• **Records to process**:

↓↓↓

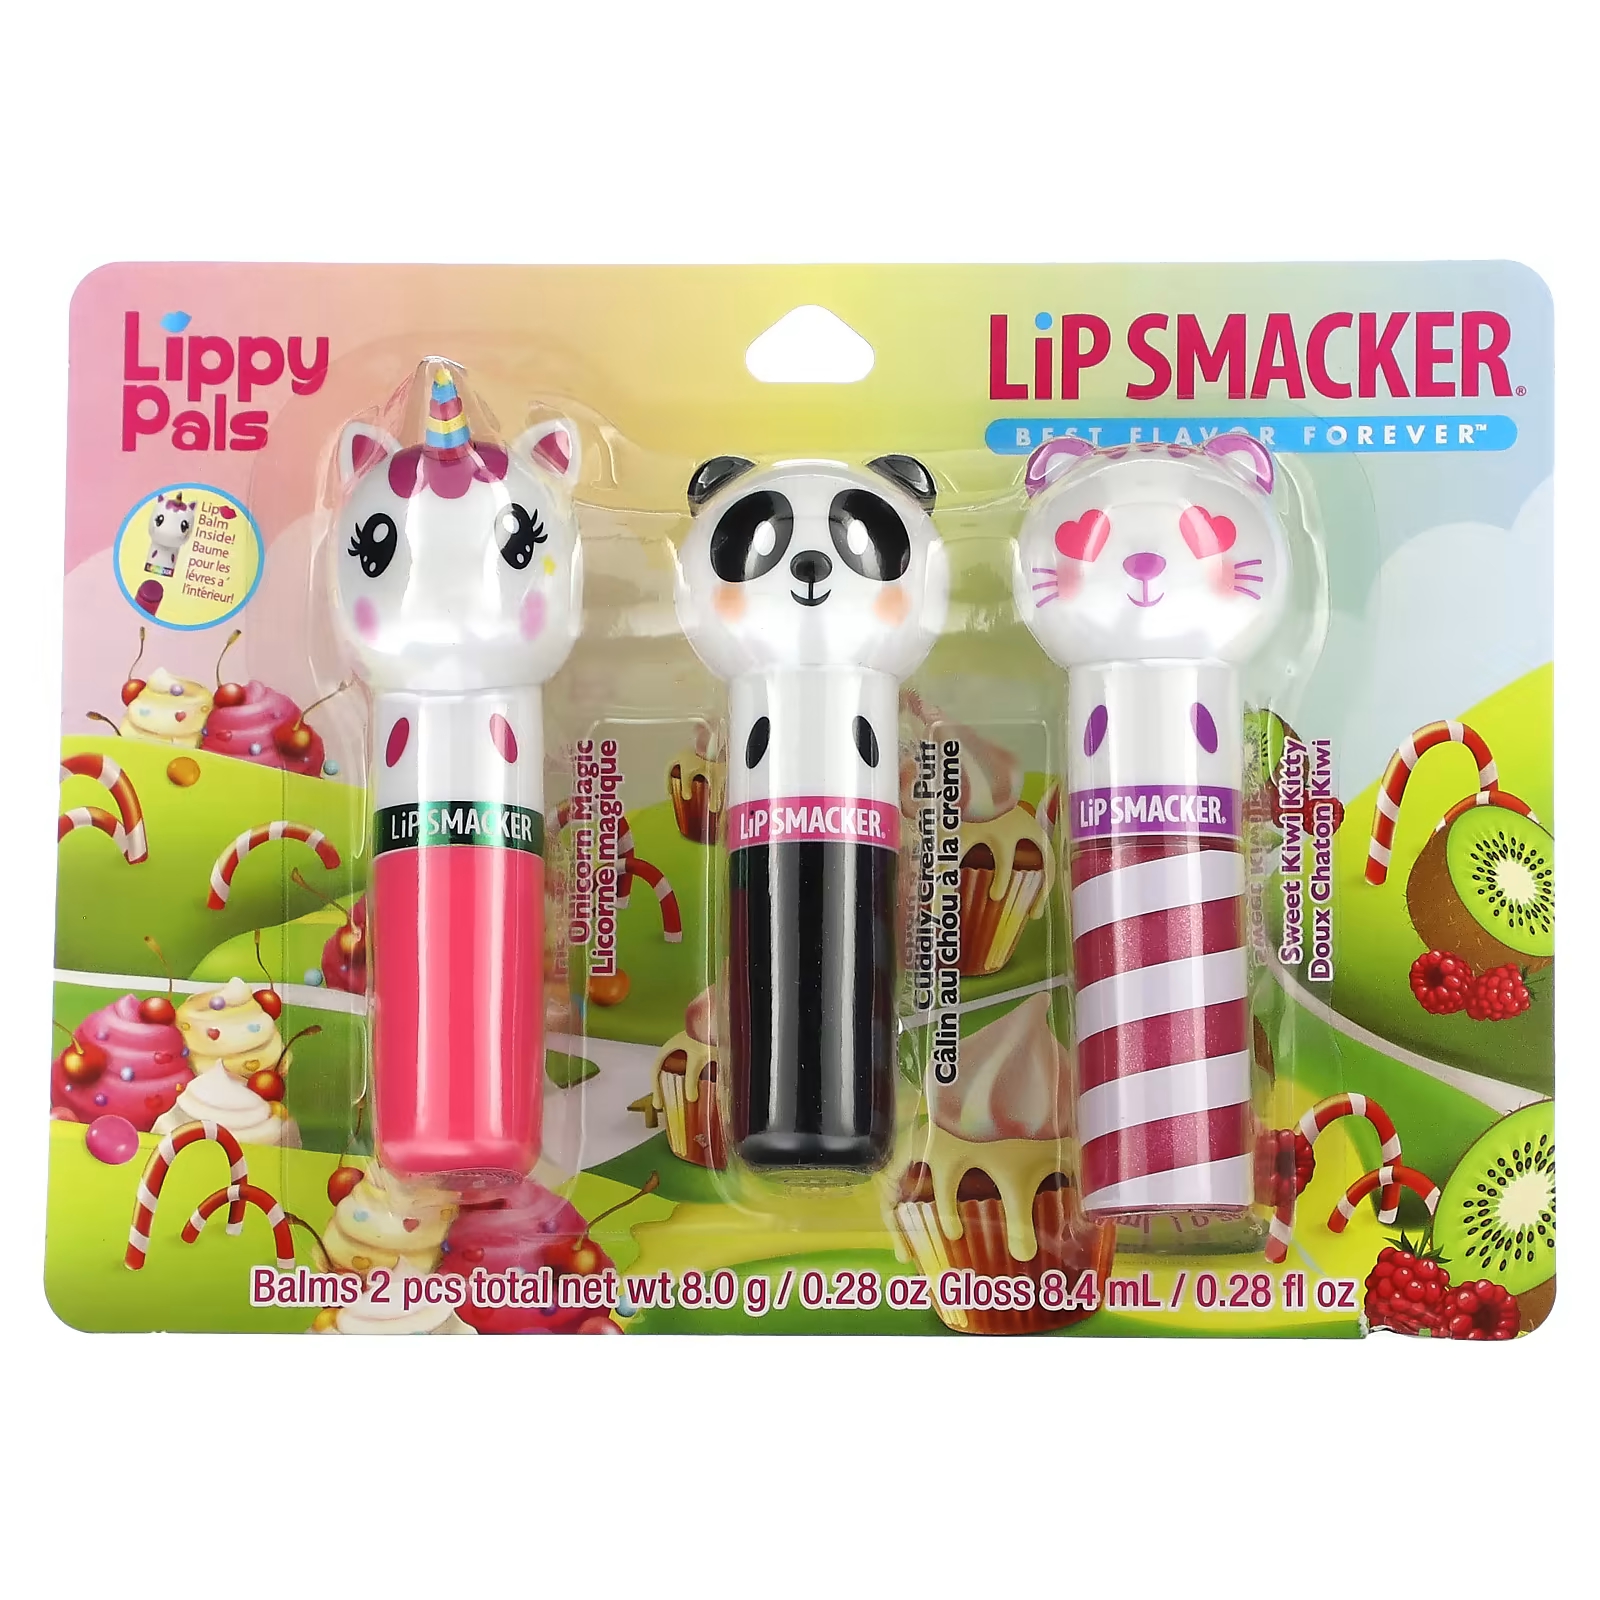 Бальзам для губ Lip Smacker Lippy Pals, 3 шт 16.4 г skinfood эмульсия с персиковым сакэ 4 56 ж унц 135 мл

↑↑↑
↓↓↓

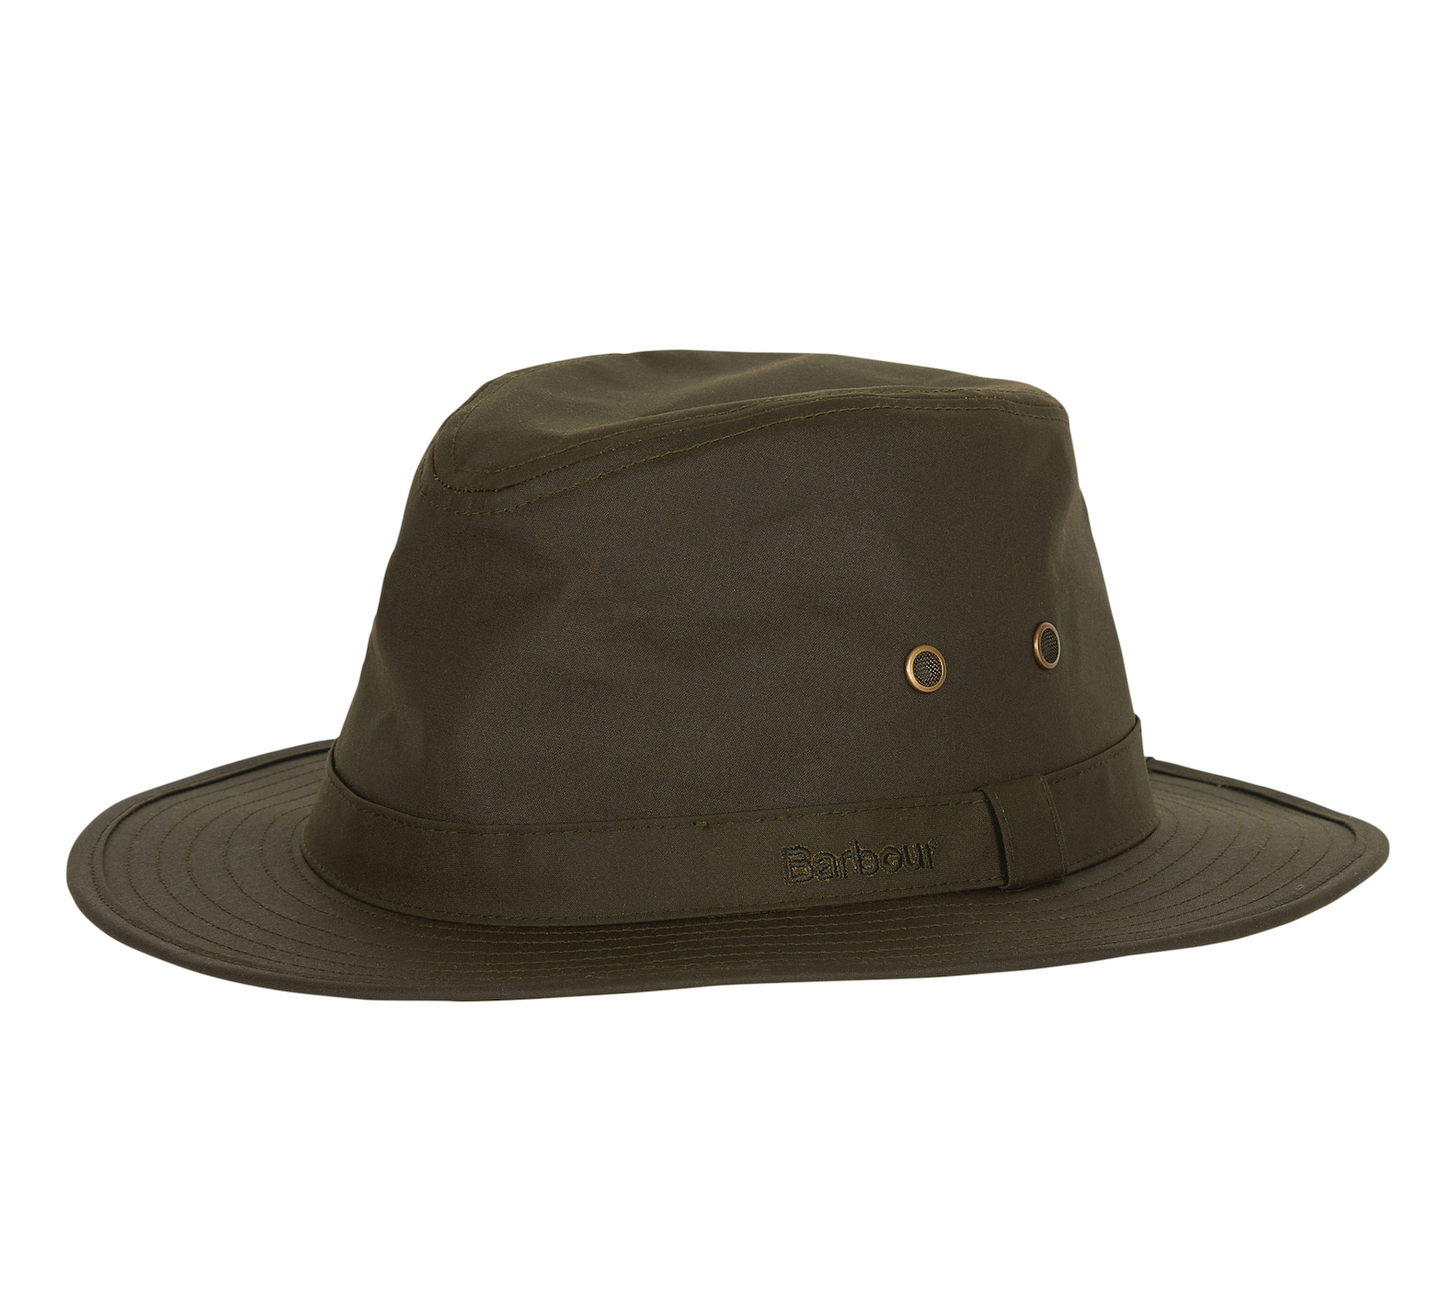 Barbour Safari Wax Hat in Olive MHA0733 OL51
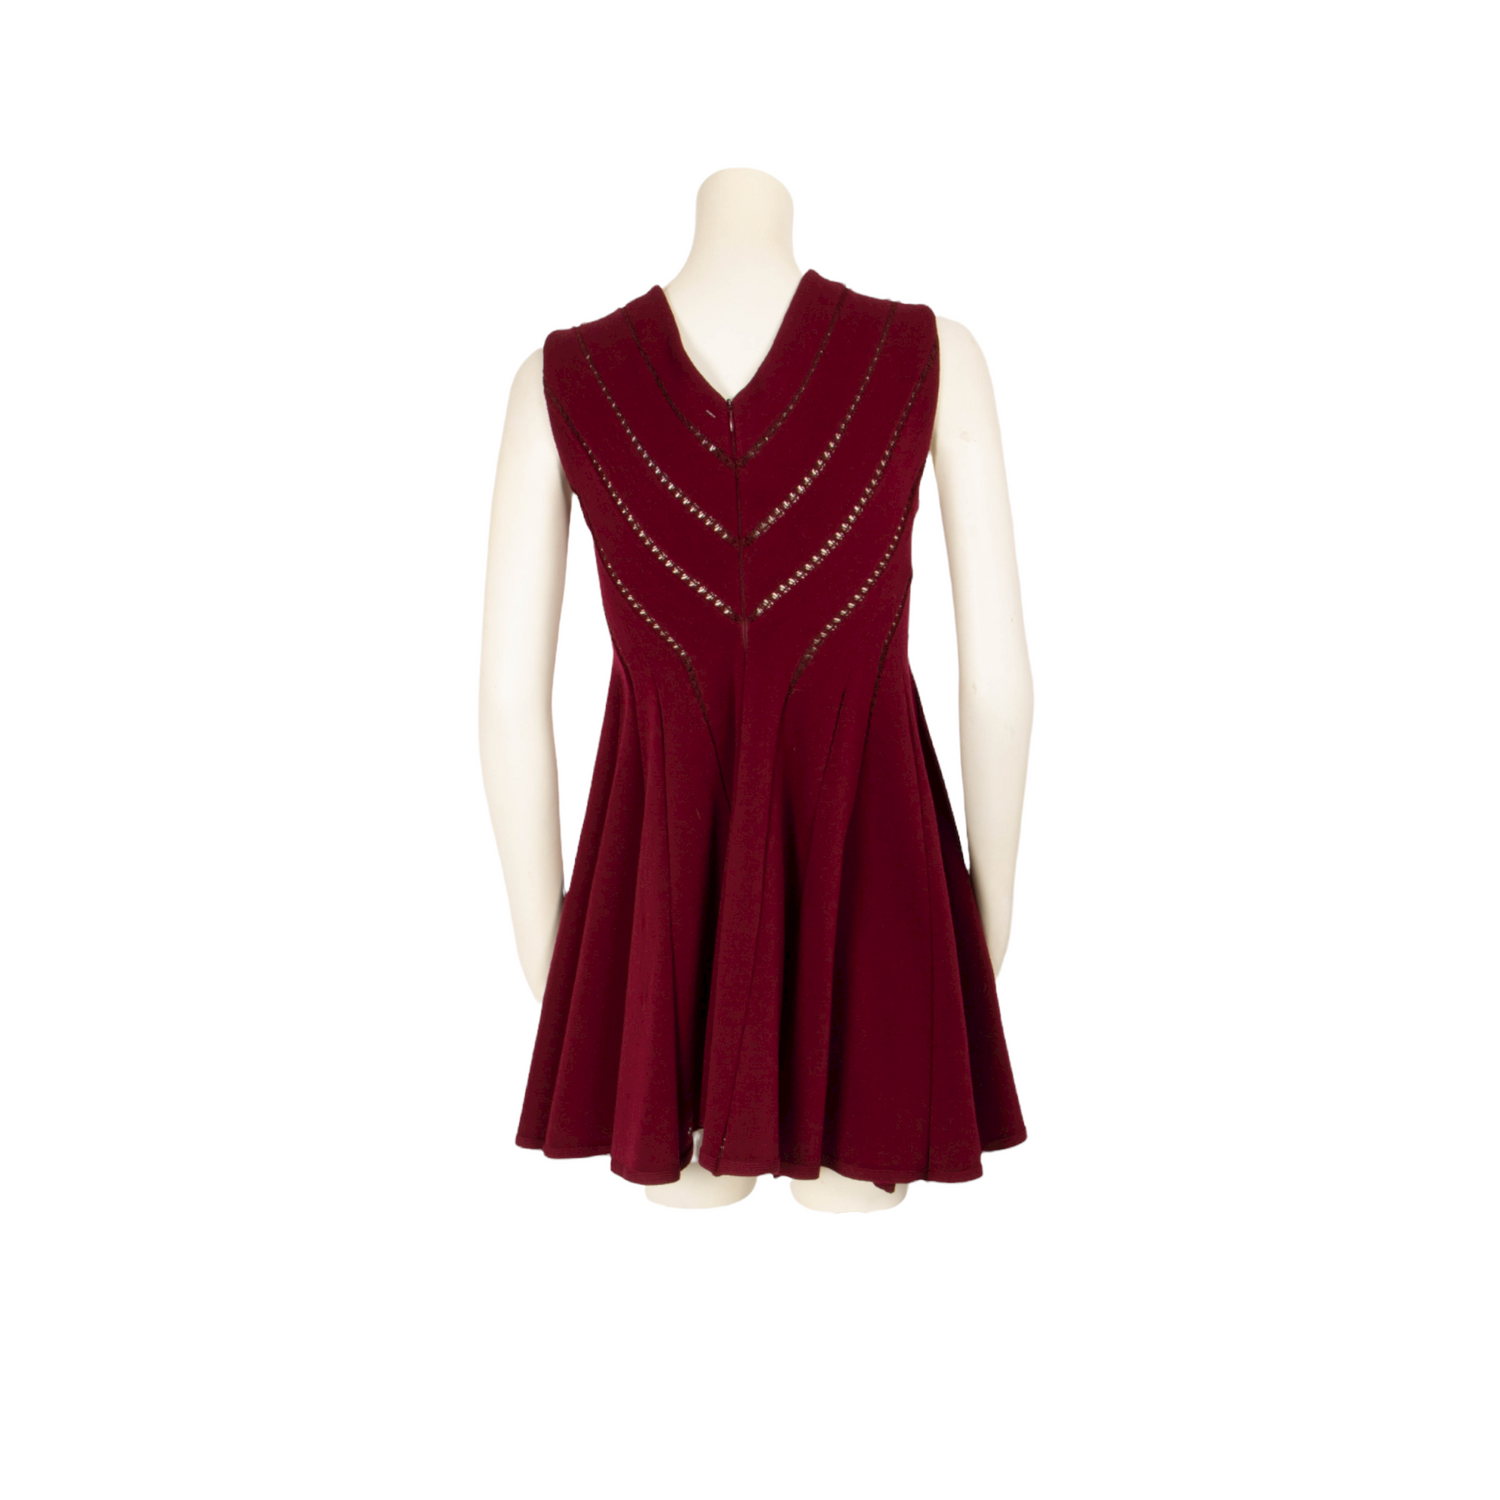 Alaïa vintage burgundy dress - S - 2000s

↑↑↑

• **Task objective**: Because only one stretch of the records is wanted, please output the lines from the one holding "Barbour Safari Wax Hat in Olive MHA0733 OL51" through the one holding "Alaïa vintage burgundy dress - S - 2000s" exactly, both included, and leave every picture out.

• **Solution for this exercise**:
 Barbour Safari Wax Hat in Olive MHA0733 OL51
 Alaïa vintage burgundy dress - S - 2000s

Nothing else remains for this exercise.